You can't talk about America's independent cinema without mentioning one of its most important voices, director and screenwriter John Sayles and his longtime producer, Maggie Renzi. Since his 1980 debut, Return of the Secaucus 7, Sayles and fellow Williams College grad Renzi have teamed up to create novelistic, socially conscious dramas with a soul. Currently wrapping up their latest, Honeydripper, Sayles and Renzi took a moment to ponder the past and future of independent film for Creative Loafing on the eve of their appearance at the Atlanta Film Festival.
In terms of innovative content and the ease of financing projects, has making independent films become easier or harder since you both began making films?
John: Harder. Thoughtful films are as rare as ever. Financing for films of budgets more than a million dollars is still almost impossible to find. It feels harder, because shouldn't it be easier when movies are all anybody talks about these days?
There has been a huge proliferation in film festivals, but the Atlanta Film Festival, which is honoring you both with an Ossie Davis Award this year for creative excellence and dynamic contributions to the art of cinema, has been around for three decades. What does a film festival need to do now to maintain a strong, unique identity within this larger playing field?
John: It has to serve its local public well. A good festival has to be well-organized and responsive to the local audience: Some films should challenge and others should be crowd pleasers. The best festivals broaden the horizons of the people who go to them. Leadership is vital in a successful festival and the festival board needs to be involved, decisive and also flexible and supportive of the leadership.
What is your definition of an independent film?
John: Same as it ever was: The director is the storyteller, controls the casting and has final cut.
What does there need to be more of in filmmaking these days?
John: Better journalism. More adult independent filmmakers. More women making movies. More imagination from distributors.
An awareness of how larger forces, whether political or social, impact individuals is a reoccurring theme in your films. What social forces have most defined both of you?
John: The Civil Rights Movement, the Vietnam War, the Labor Movement, the Women's Movement.
If you could offer independent filmmakers today some advice, what would you tell them?
John: Make it count. You don't know how many times you're going to get to do it, so make a movie you'd want to go see.
If it's not too personal a question, why have you decided not to marry?
Maggie: John says it's too personal. I say it never seemed necessary.
Who are the independent filmmakers you both admire who are making films on their own terms?
John: Most filmmakers we admire have difficulty sustaining their careers. Among the filmmakers we would like to see more from are Jim McKay, Josh Marston, Nancy Savoca, the Half Nelson team [Ryan Fleck, Anna Boden], Karyn Kusama, Mora Stephens.
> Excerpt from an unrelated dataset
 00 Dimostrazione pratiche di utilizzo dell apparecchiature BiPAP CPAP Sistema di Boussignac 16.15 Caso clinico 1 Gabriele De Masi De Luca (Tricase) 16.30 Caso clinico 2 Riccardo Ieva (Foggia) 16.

All of your films, despite incredibly varied locations, from Florida to Alaska, Ireland to Acapulco – and one can only imagine Honeydripper – have a real sense of place. How do you achieve that peculiarity of place? And what drives you to offer such comprehensive portraits of these diverse communities?
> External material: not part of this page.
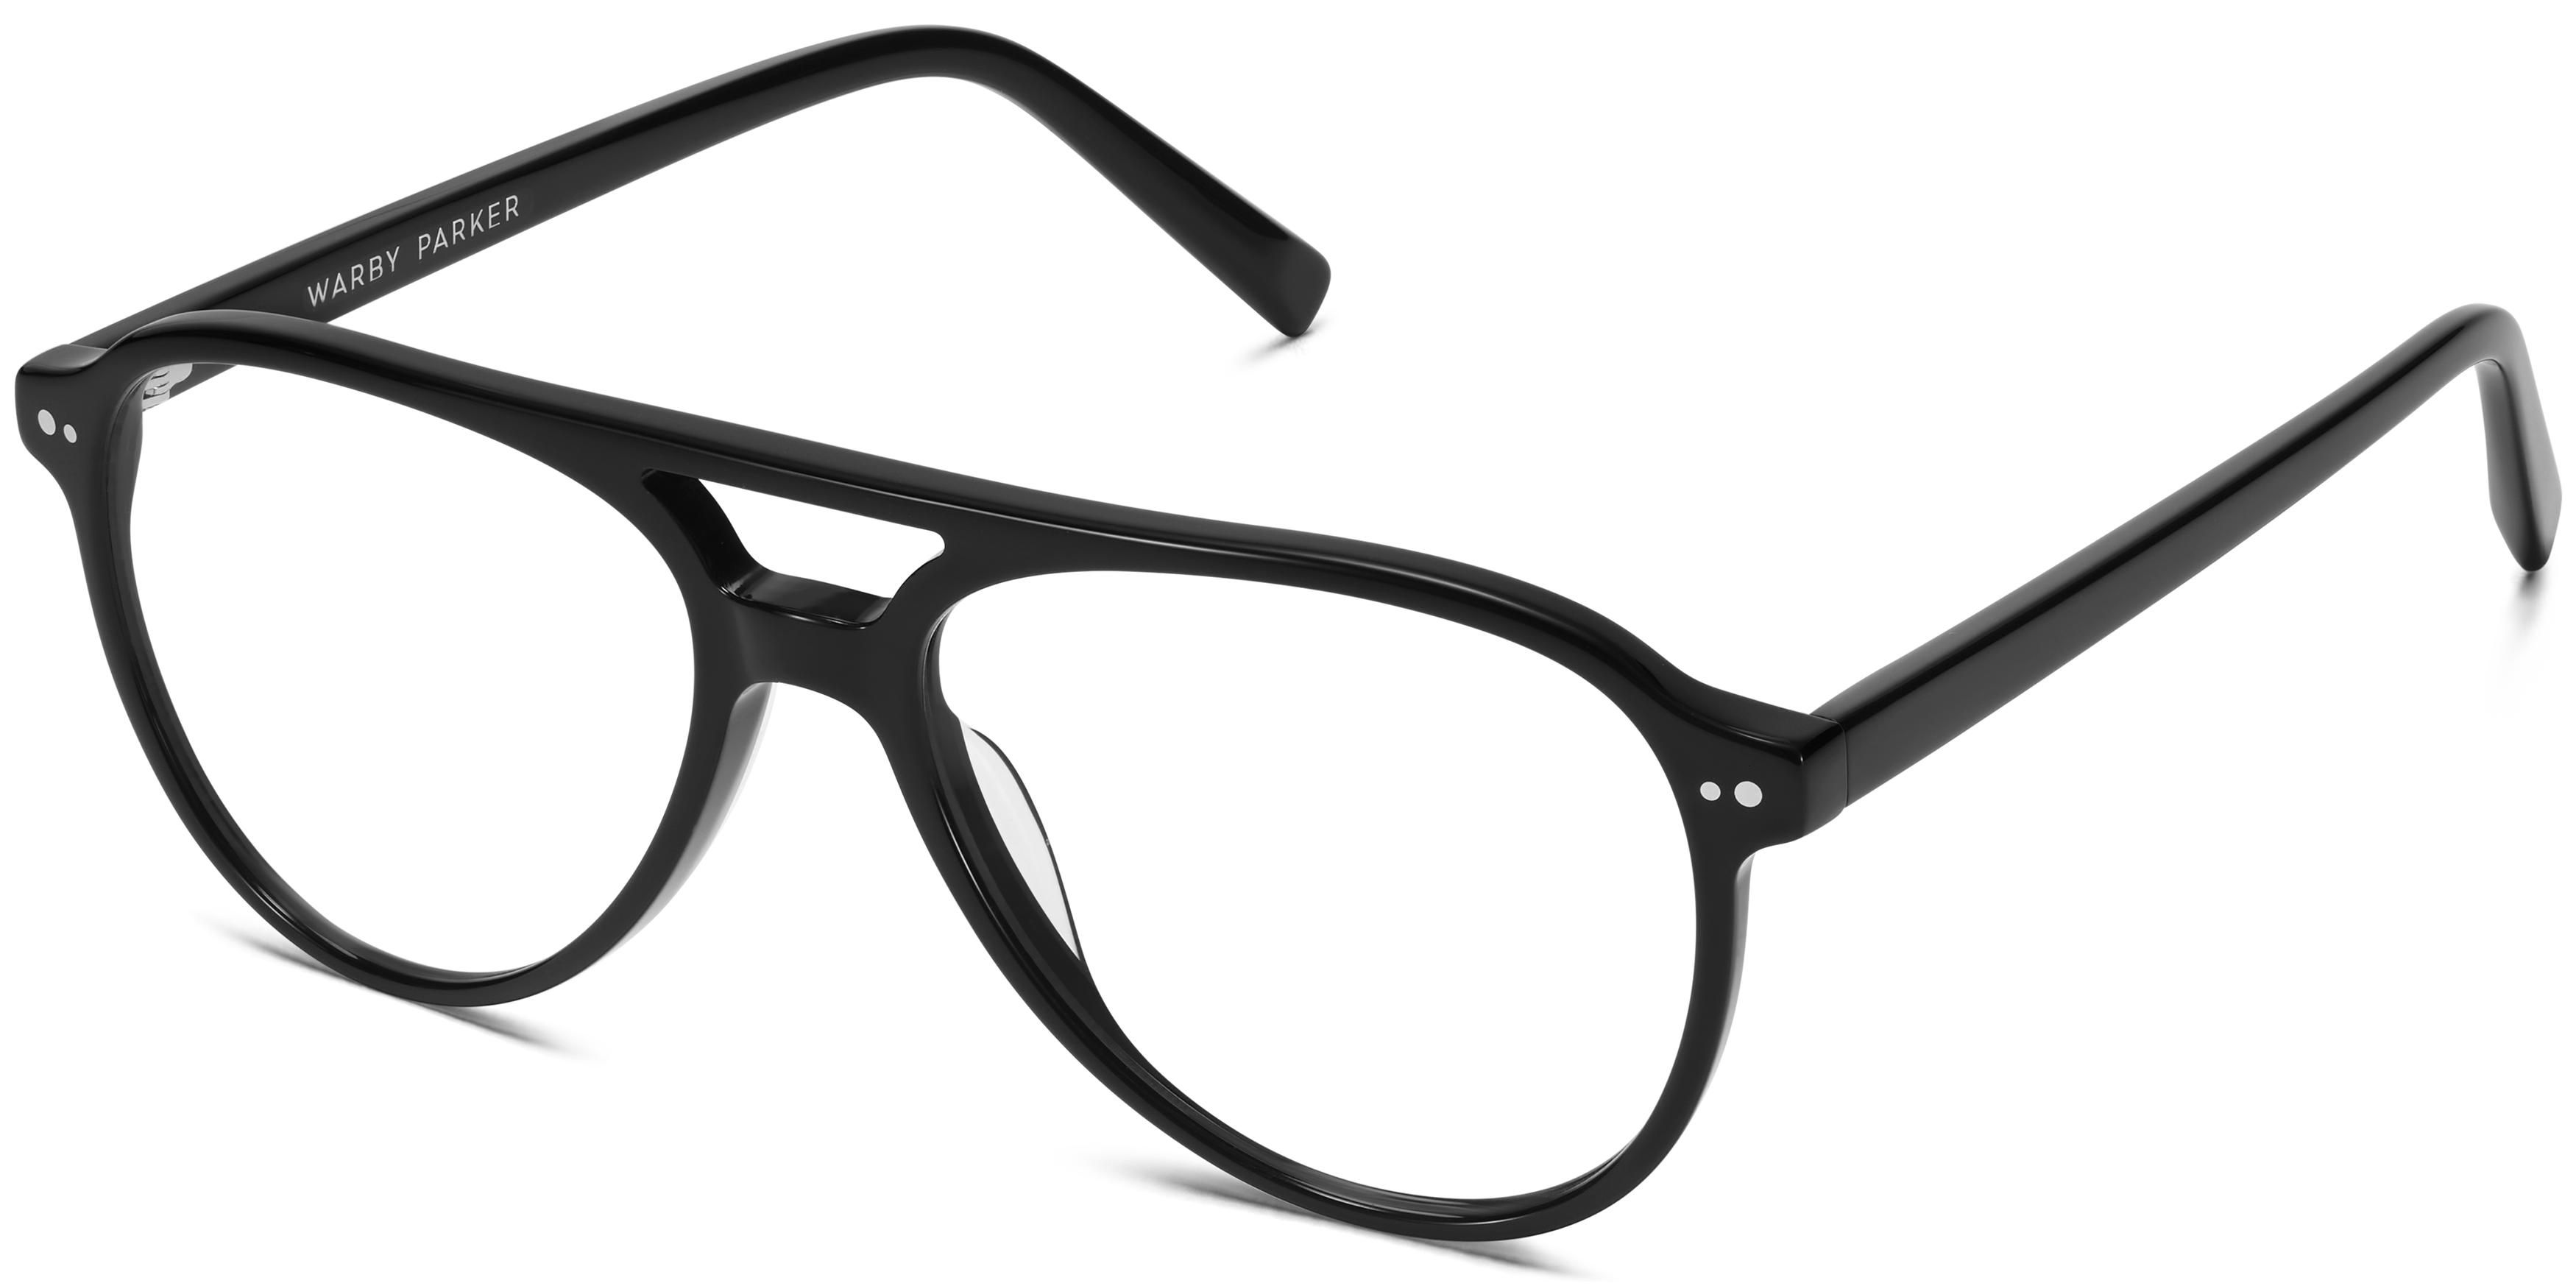 Braden Eyeglasses in Jet Black | Warby Parker | Warby Parker (US)

John: To the second question, place helps define culture and who people are and how they see the world. We do a lot of research and then we go to the places we're considering for a look around before John writes the script. Then we continue to respond to suggestions from the locals who work with us on both sides of the camera.
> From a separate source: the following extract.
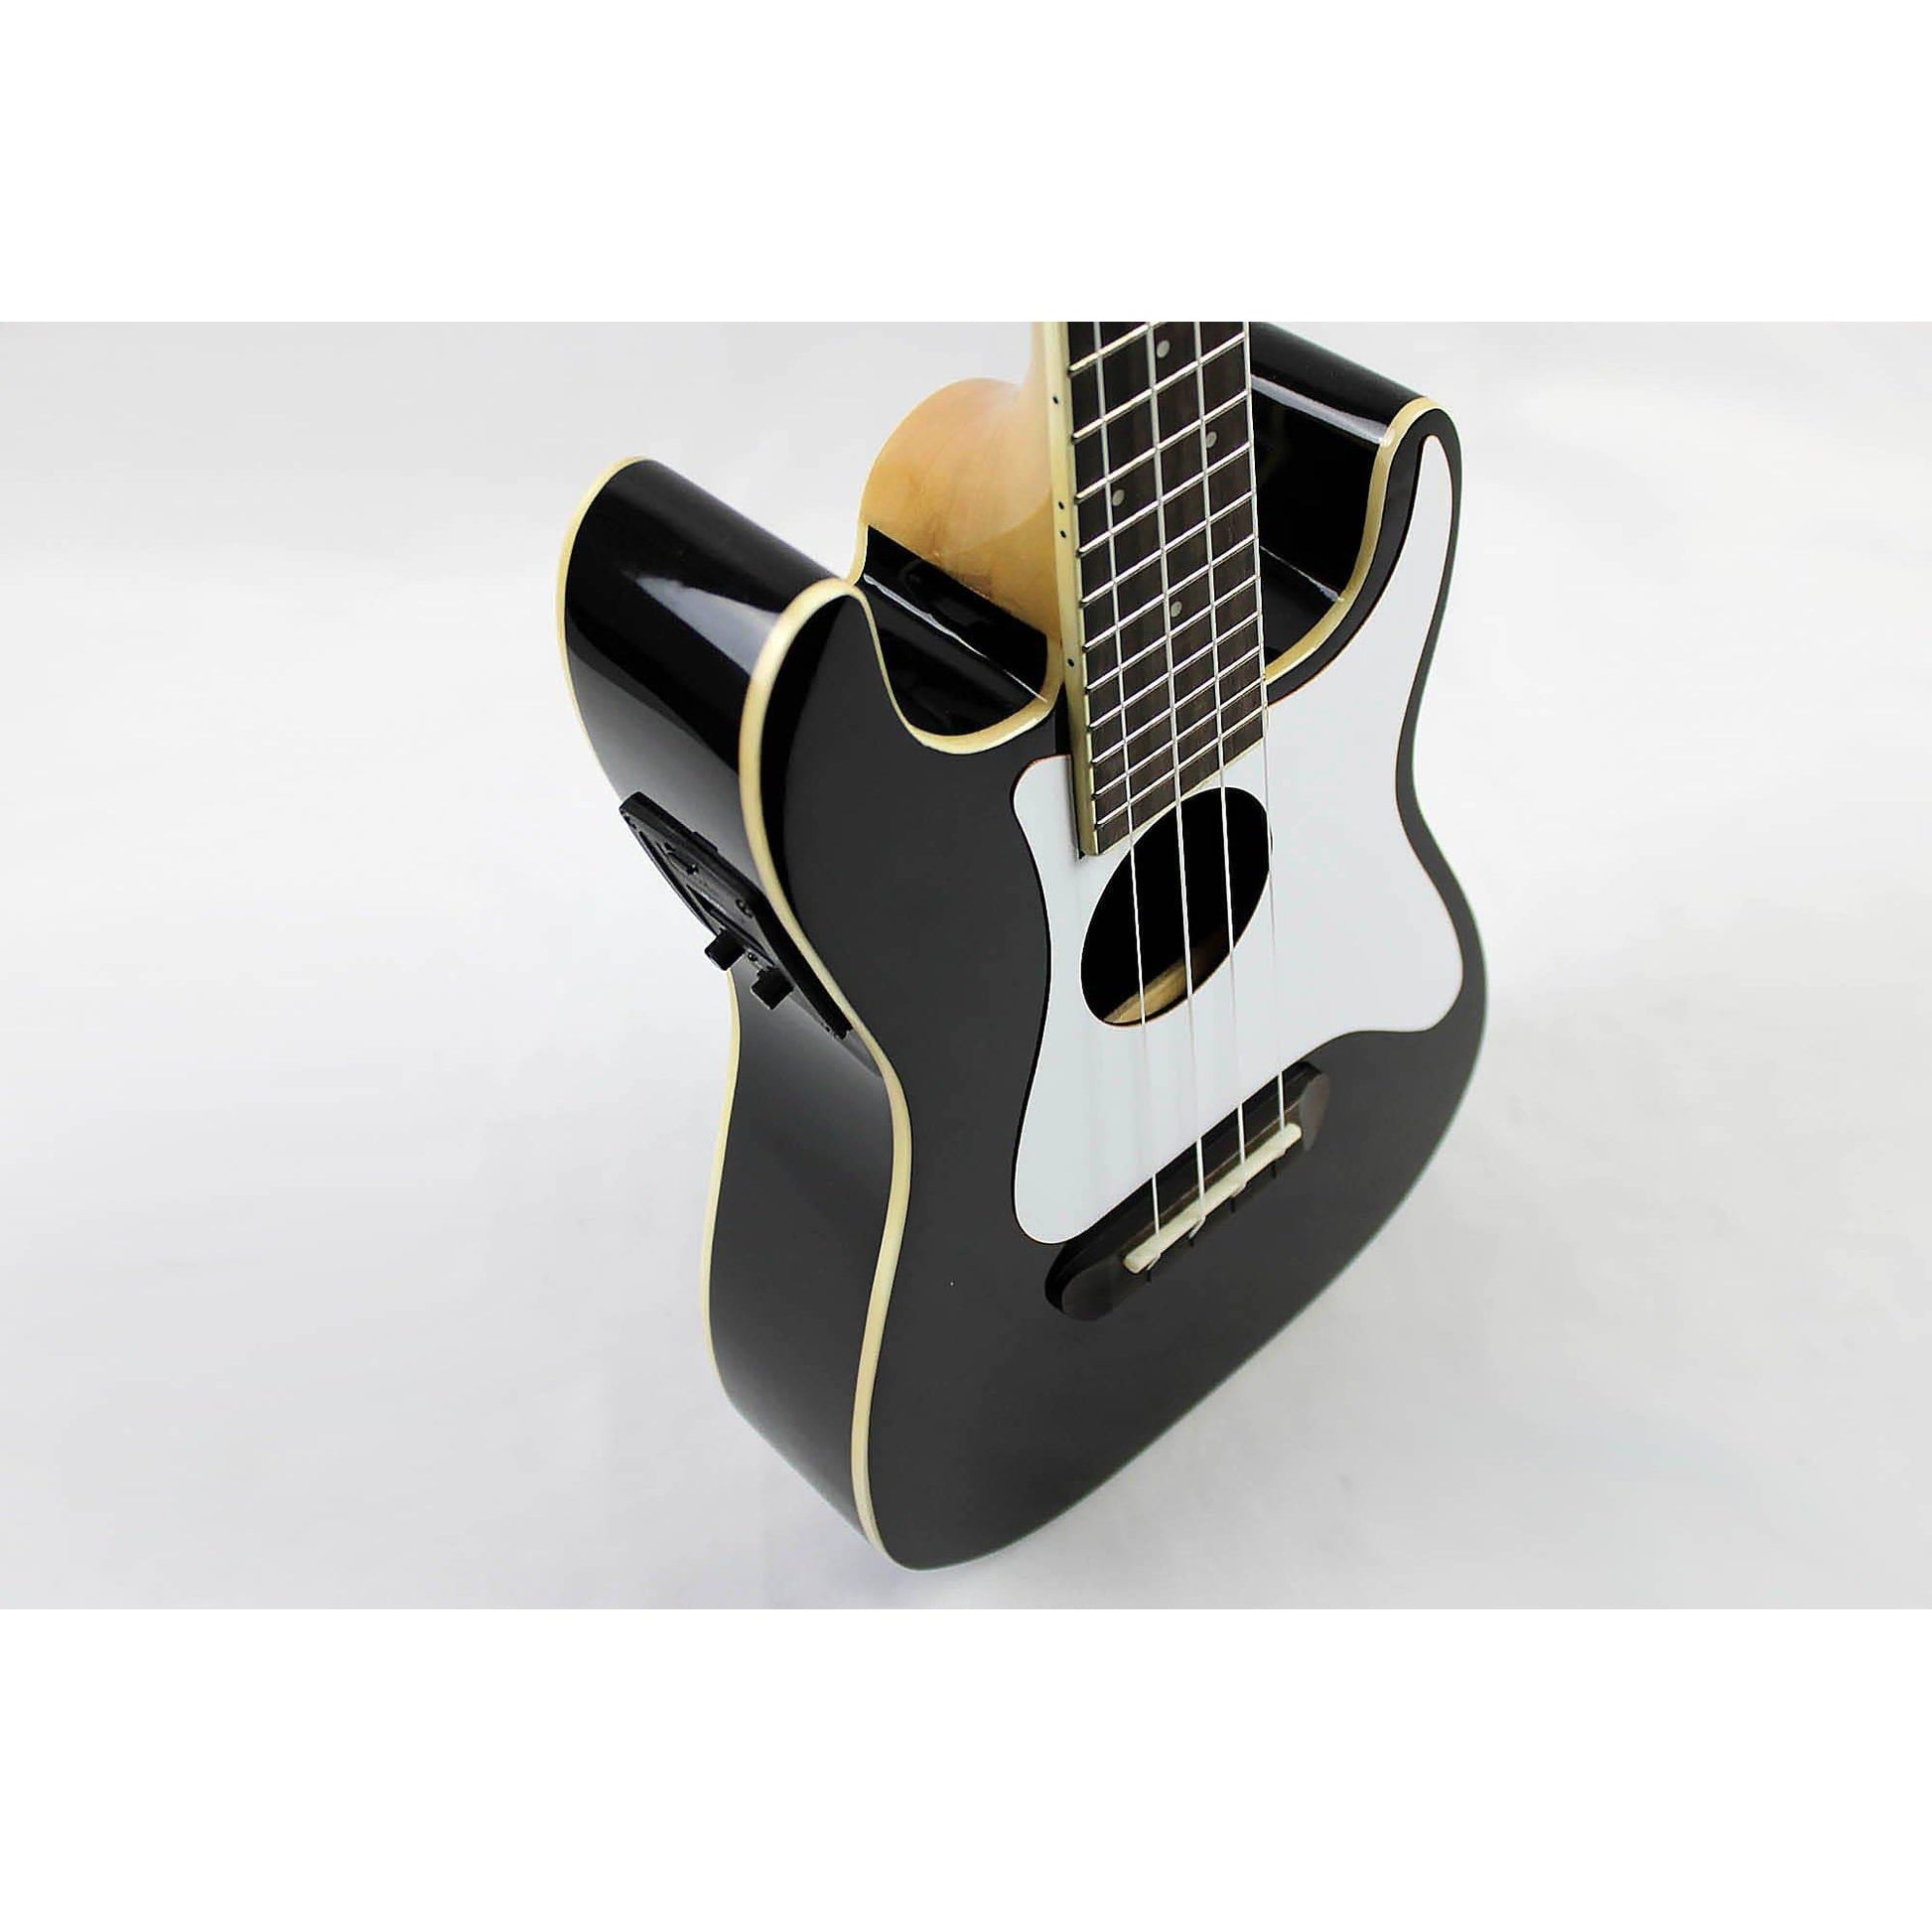 Fender Fullerton Strat Uke - Black - Leitz Music-885978381814-0971653106

Maggie, what are the advantages and pleasures of producing films that have encouraged you to focus on that role as your career has developed? What is the most valuable personality trait to have in order to be a good producer?
Maggie: To be a good producer you have to be a good hostess: that requires joy, good organization, patience and good food. Producing employs all the skills I was born with and tests my moral fiber. It's like traveling, which I love, but with a higher degree of difficulty and we stay long enough to really dig in.
What in your backgrounds gave you the progressive values that come through so clearly in your films?
John: Paying attention to what goes on in the world.
Maggie: I agree with that, but I would add that our parents' values set us up to take the very best from the times we were born into, and those were good times to be coming of age.